Do you know what is the common feature between designing a wing profile, managing a smart grid and controlling a network of radars? Or between deep learning, data mining and automated design? They all need algorithms to find the best solution to problems they are trying to solve.

Very often, this best solution is hidden among a huge number of less good ones —sometimes even more than the number of atoms in the whole universe! To find it, we need algorithms called "optimisation algorithms", which are ubiquitous to modern artificial intelligence (AI) tools.

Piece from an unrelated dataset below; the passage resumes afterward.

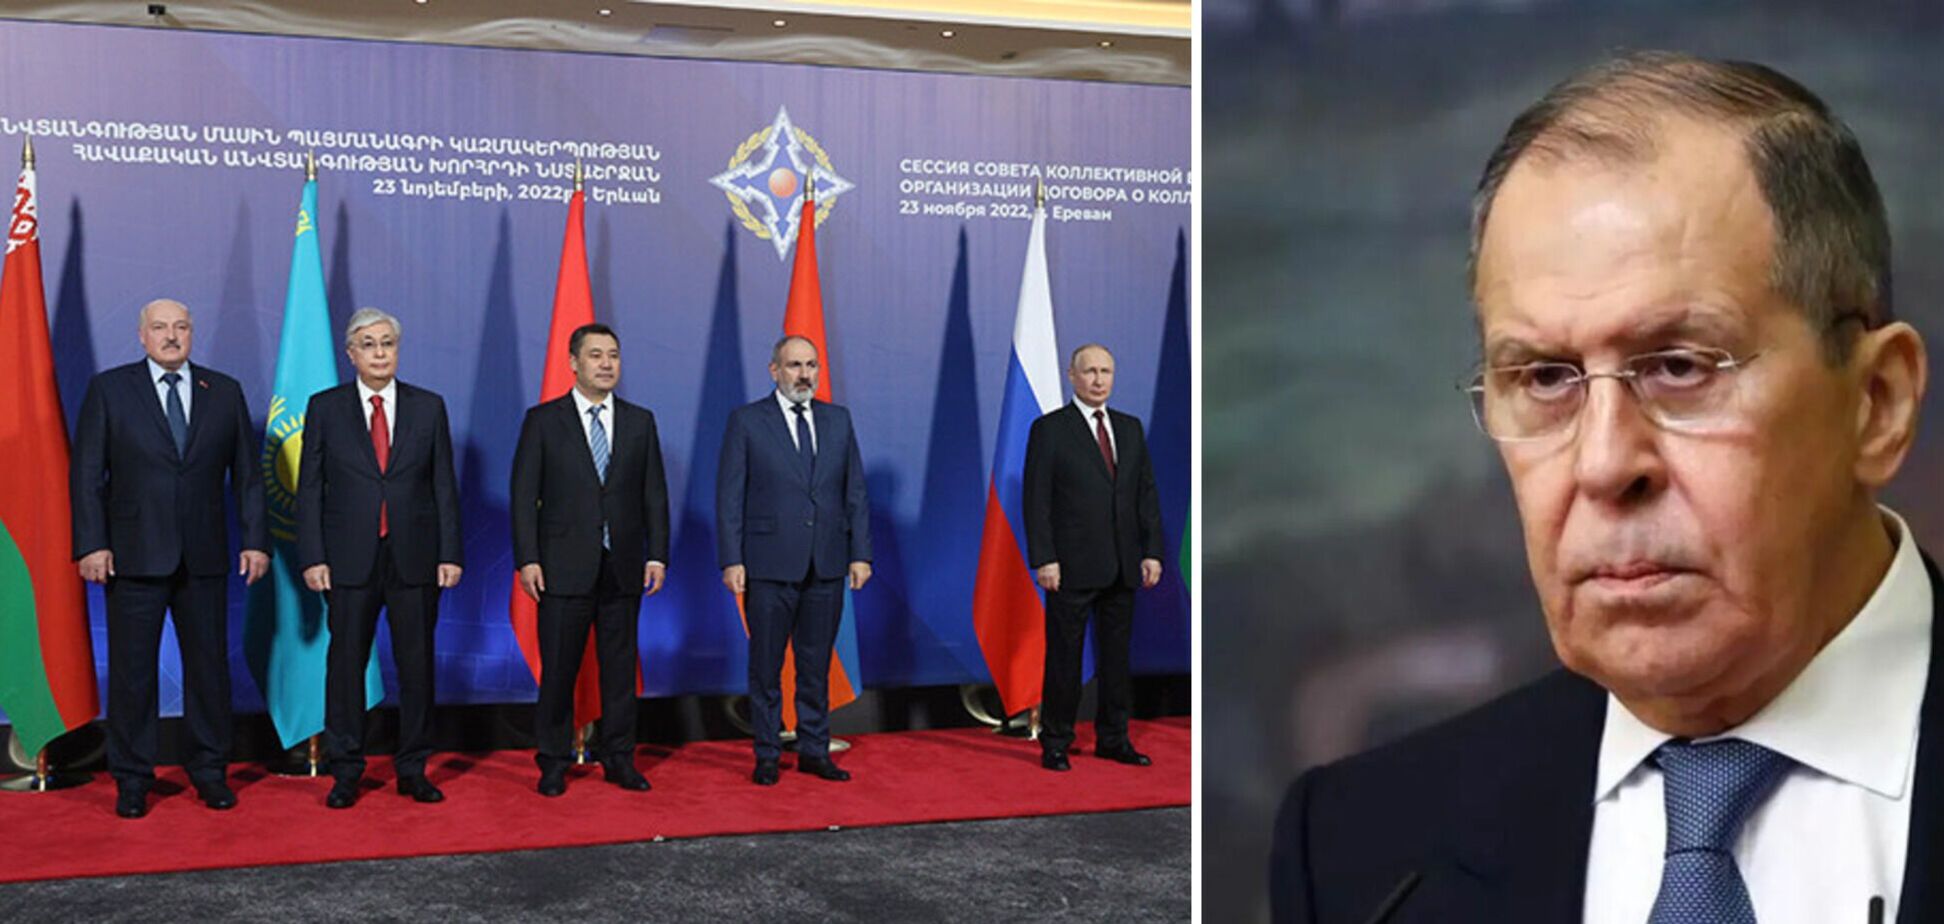 Лавров знову визвірився на журналістів під час групового фото після засідання ОДКБ. Відео

The best known yardstick of performance in computers is Moore's Law, which has seen the emergence of increasingly powerful processors over the past 50 years. But while processors were getting 1,000 times faster, the algorithms driving the software running on them have got 43,000 times faster! Today, Moore's law no longer holds, and artificial intelligence algorithms are now able to defeat any human at our hardest games of chess or Go.

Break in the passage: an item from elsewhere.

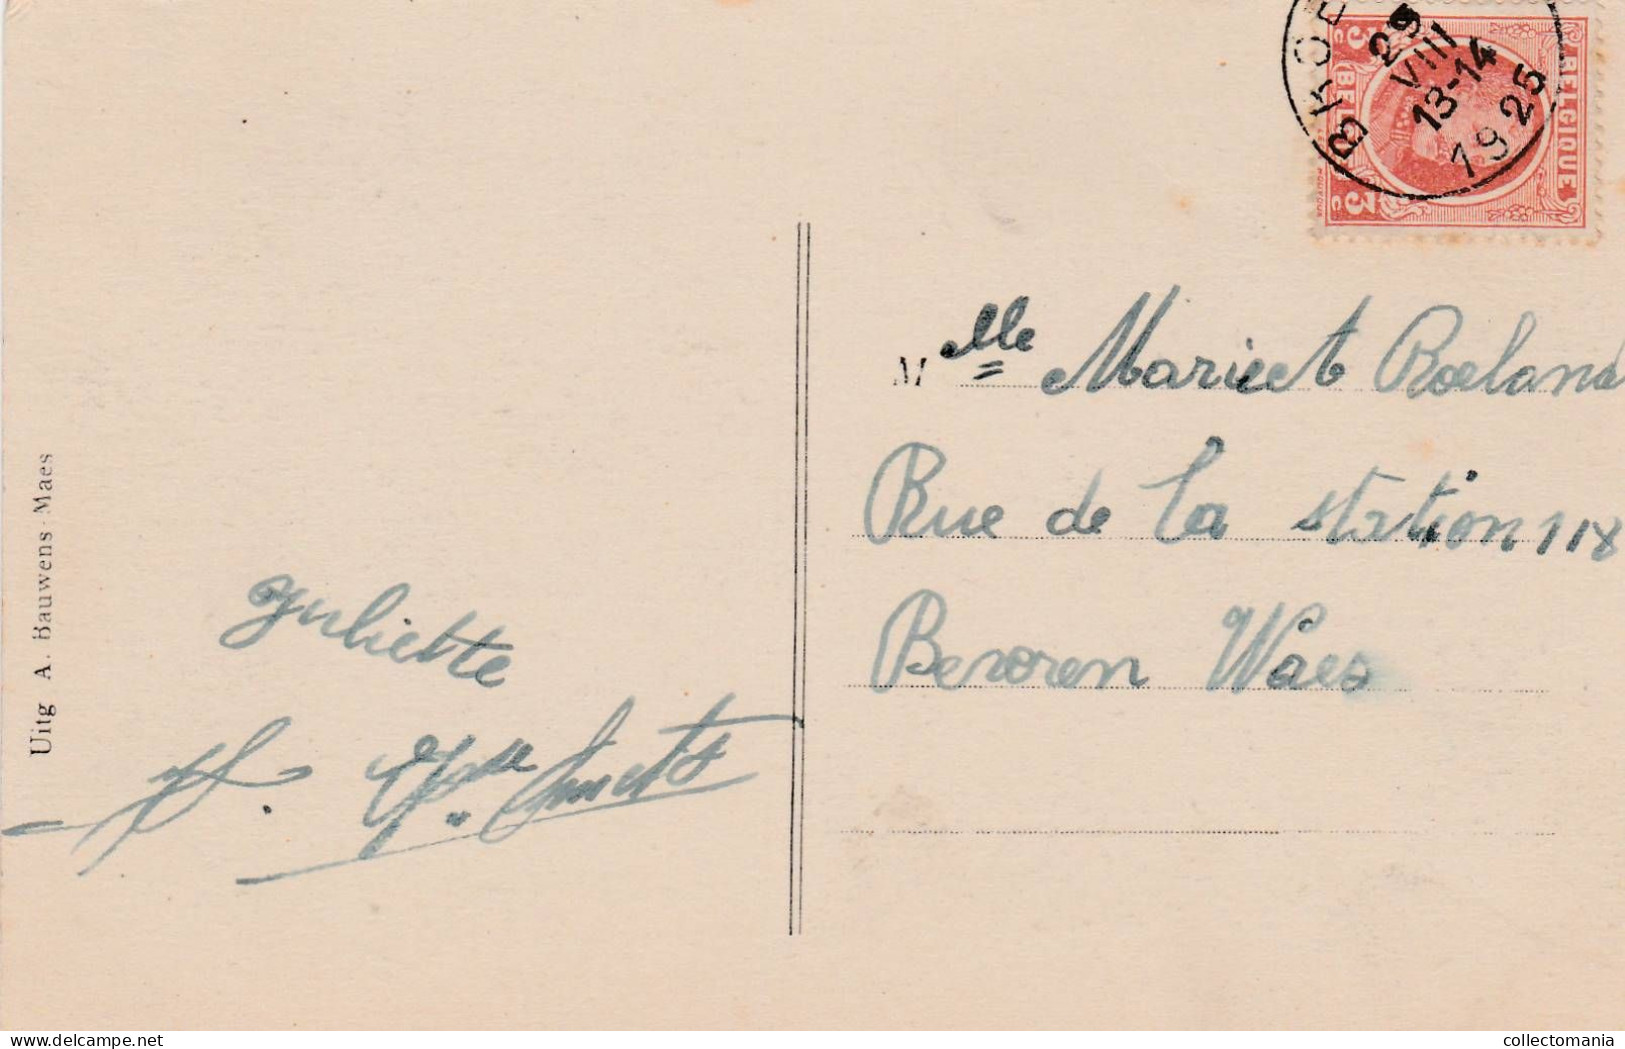 1 Oude Postkaart  Viersel Dijk  1925 - Zandhoven

Efficient optimisation algorithms are key to future applications of AI, and progress in this domain can drive tremendous breakthroughs.

Thales is at the edge of the research in AI, investigating new computing architectures but also investing in algorithmics.

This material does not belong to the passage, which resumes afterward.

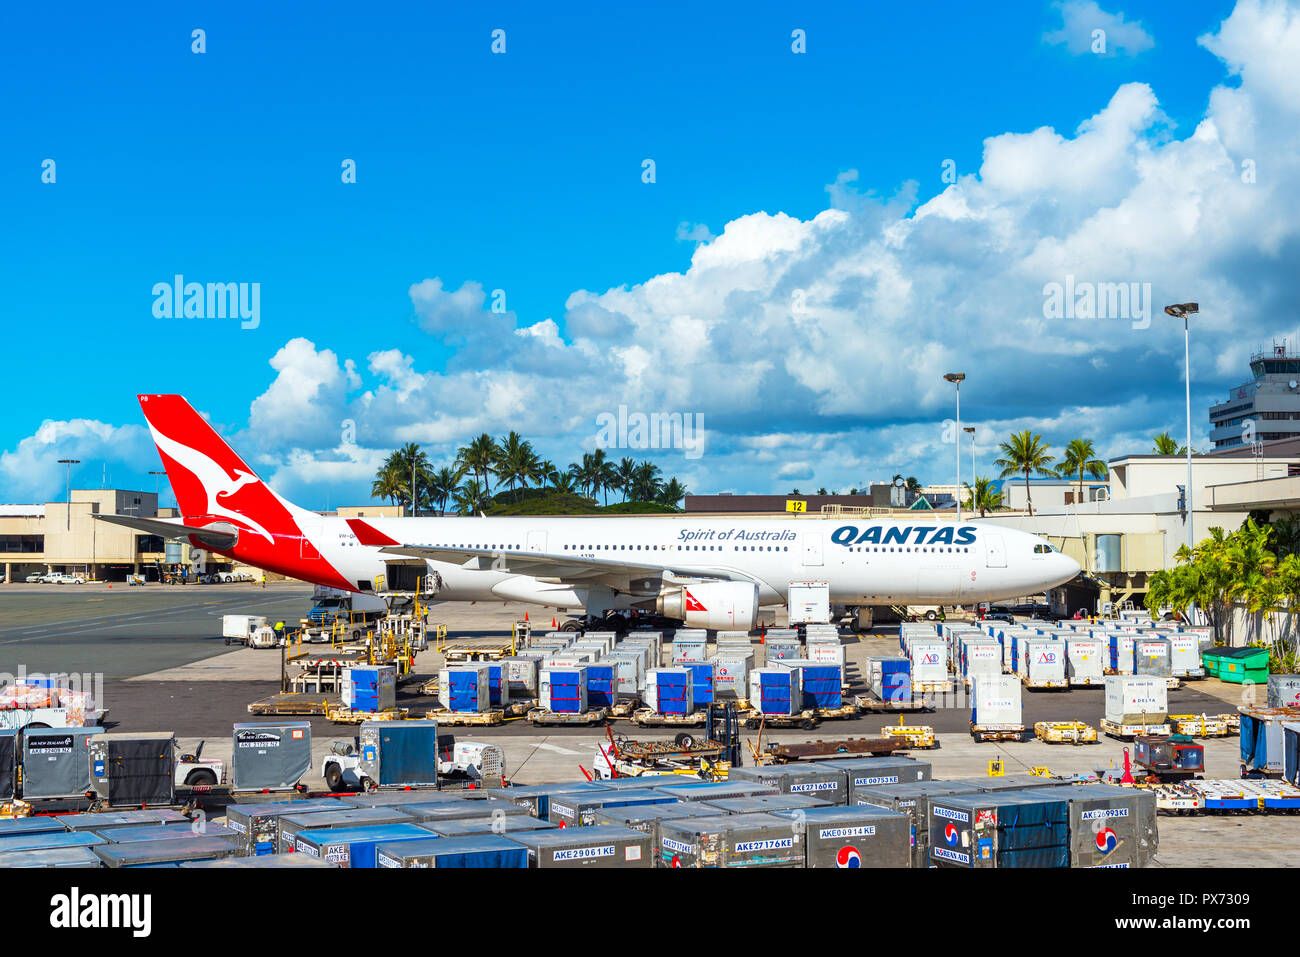 HONOLULU, HAWAII - février 16, 2018 : avis de l'avion à l'aéroport. L'espace de copie pour le texte Banque D'Images

In particular, researchers from the Thales research centre and INRIA, using technology from the École Polytechnique, have been busy for three years trying to improve algorithms that tackle one of the most ubiquitous and hardest problem of AI: finding the best solution of an optimisation problem while having almost no clue about it.
 

For the first time, the researchers have developed a solver that leverages machine learning and automated algorithm engineering in order to make an optimisation algorithm actually observe and learn the inner structure of a black-box problem, and then adapt its behaviour accordingly. This approach proved to be successful: our team recently won the main track of the international "black-box optimisation competition" at the 2017 Genetic and Evolutionary Computation Conference (GECCO'17, held in Berlin), which presents the latest high-quality results in genetic and evolutionary computation each year.

This new solver not only won the competition, but won it with a good margin, against competitors considered the best of the best. The achievement suggests that we're on the verge of a breakthrough improvement in algorithm efficiency.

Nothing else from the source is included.